What do you mean "booze don't make it okay"! Need I remind you of the day you jazzed up my protein shake so that I may gain admittance to your drunken palace of debauchery? OF COURSE BOOZE MAKES IT OKAY!!! And that aside, Clamato Juice is damn tasty stuff.

Clamato isn't a beverage, it's a half finished soup. Warm it up, add some corn, potatoes and some actual clams, you might have something. On the booze tip, limits must be drawn. A rummed up protein shake is one thing, but I don't know of anyone who'd kick back with a Fear Factor Pigs Ass and Cockroach Daiquiri.

Clamato isn't a beverage, it's a half finished soup. Warm it up, add some potatoes and some actual clams, you might have something.

That line kind of makes me wish I hated Clamato juice, just so I could use it. Instead, I'll use this one: Which sissy puked for nearly 24 solid hours due to berry wine cooler abuse?

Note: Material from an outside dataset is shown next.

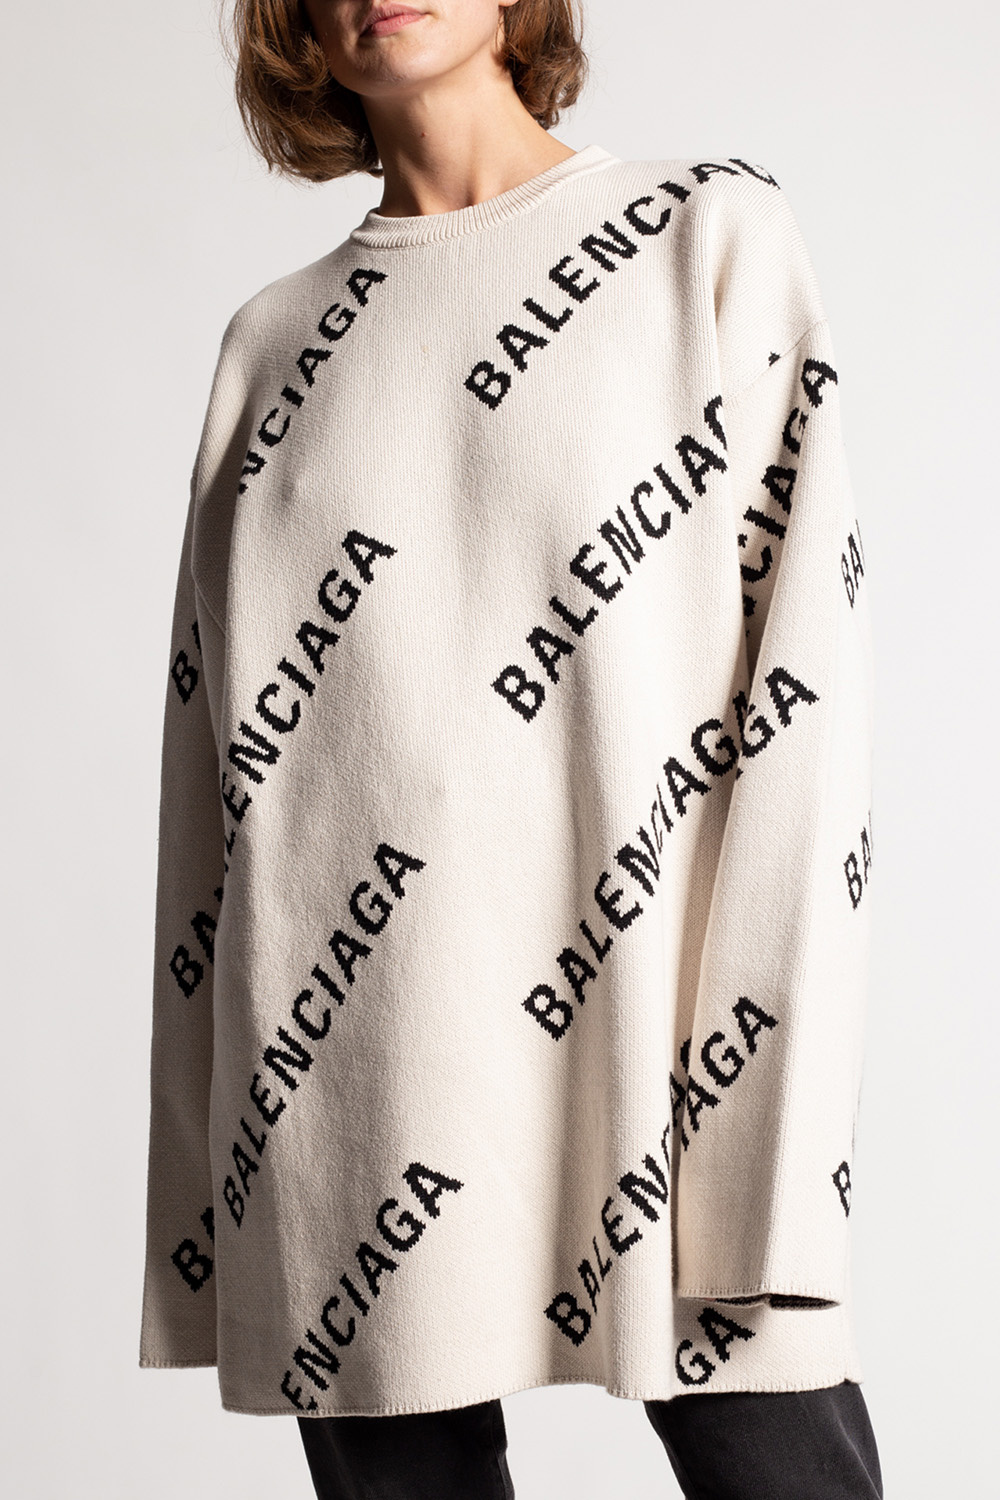 sweater Intakt i morgen Scarves / shawls Balenciaga - IetpShops GB

Now don't go getting personal, Silver Bullet. Don't make me tell the Hat Trick story.

THAT WAS A HUGE AMOUNT OF BOOZE!!! Fine. Dainty constitutions aside, I can consume a bunch of Caesars, with or without hangover, consequence free.

That's no excuse, Aquaman. Well, at least you Don't befoul beer with that salty undersea poison. That would be inexcusable

…sometimes a Red Eye hits the spot

WHAT?! Bah!! YOU!!!… I don't want to talk to you for a whole week.